In addition to the investigation of developmental trajectories, in which cultural variation in modes of attention emerge, another line of research explores how children learn such culturally dominant modes of attention through interaction with their parents: how parents transmit cultural skills or knowledge to their children, and how children internalize such skills and knowledge. Some theoretical discourses explain human nature from an evolutionary perspective, proposing that humans accumulate cultural knowledge by transmitting it from one generation to the next, by sharing it, modifying it, and adding new knowledge to the accumulated cultural knowledge (e.g., Mesoudi 2011; Richerson and Boyd 2005; Tomasello 1999, 2009). Other theoretical discourses argue for the influence of a socio-cultural environment on an individual’s cultural learning through interactions with others (e.g., Cole 1998; Duranti et al. 2011; Gauvain 2001; Rogoff 2003; Vygotsky 1978; Wood et al. 1976). We hold the cultural co-evolution perspective, which affirms both discourses and highlights their interconnections. Together, they address the importance of the parental role in conveying culturally important meaning systems, practices, habits, and associated psychological processes for children to survive in a given cultural milieu.

Based on these theoretical discourses, empirical studies in developmental science have investigated how culture shapes parental behavior and how children learn culturally dominant skills and knowledge through interaction with their parents (e.g., Bornstein et al. 1992; Caudill and Weinstein 1969; Fernald and Morikawa 1993; Ishii et al. 2014; Senzaki et al. 2016; Wang 2001; Wang et al. 2000).

For example, Senzaki et al. (2016) found that when comparing two age groups of children (aged 4–6 and 7–9) and parents in Canada and Japan, parents assisted their children to attend to a task in a culturally unique way, using either object-oriented or context-sensitive attention. When children engaged in a visual description task alone, they did not show clear cultural modes of attention: both cultural groups showed object-oriented attention by mainly describing focal objects in the scene. However, when parents joined the task with their children, the children in the older-age group tended to demonstrate cultural modes of attention similar to their parents. That is, with parental support, Canadian children aged 7–9 consistently showed object-oriented attention, whereas Japanese children aged 7–9 described focal objects as well as contexts. However, those in the younger age group did not show such a tendency. Thus, this parent–child interaction could be effective only when children reach a certain level of cognitive and language ability, fostering children’s emerging cultural modes of attention. These studies converge to suggest that during parent–child interaction, parents transmit culturally important skills and knowledge to their children, such as how to attend to and explain social events.

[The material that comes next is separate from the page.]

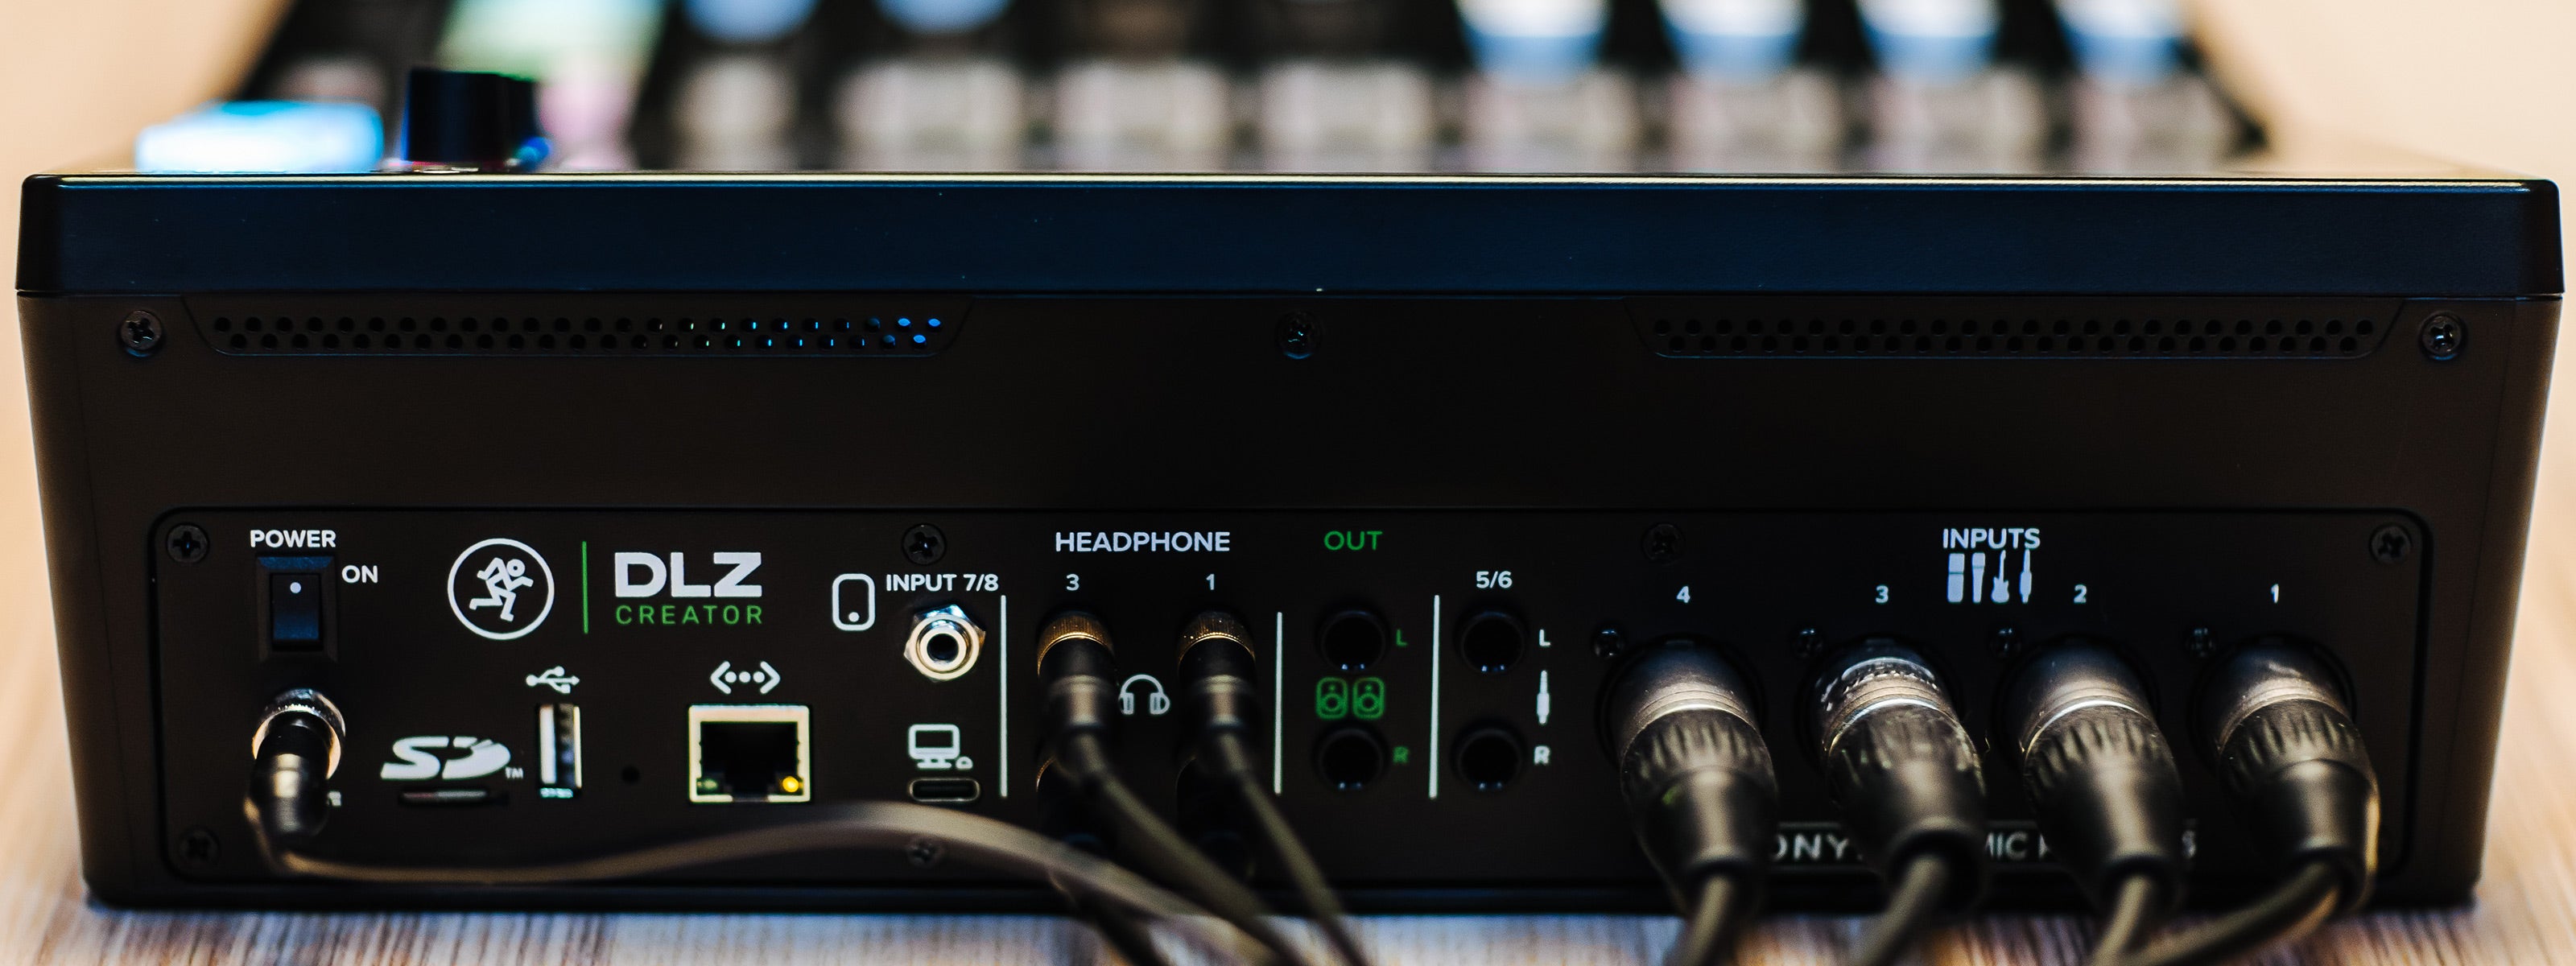 Mackie DLZ CREATOR  Adaptive Digital Mixer for Podcasting and Streaming

Overview of the present study

Extending from the aforementioned studies, we aimed to elucidate the relationships among culture, child development, and perception of facial expressions. However, to date, little research has discussed this issue in terms of whether parents indeed show culturally dominant attention styles when interacting with their children in an emotion judgment task (Masuda et al. 2017b). To answer this question, we conducted an experiment to examine both children’s behaviors on their own, and parents’ behaviors in front of their children.

We recruited 42 parent and child dyads at age 7–8 (N = 84) in Canada and in Japan. Consistent with previous findings by Masuda et al. (2017b) and Senzaki et al. (2016), we expected that 7–8-year-old children in both cultures would not show clear cultural variations in their attention styles. Parents, however, would still display such culturally dominant modes of attention when engaging in the task with their 7–8-year-old children as a parental guide. More specifically, we expected that Japanese parents would be more likely than Canadian parents to take into account the background figures’ facial expressions when judging the center figure’s emotion by referring to the background figures more frequently.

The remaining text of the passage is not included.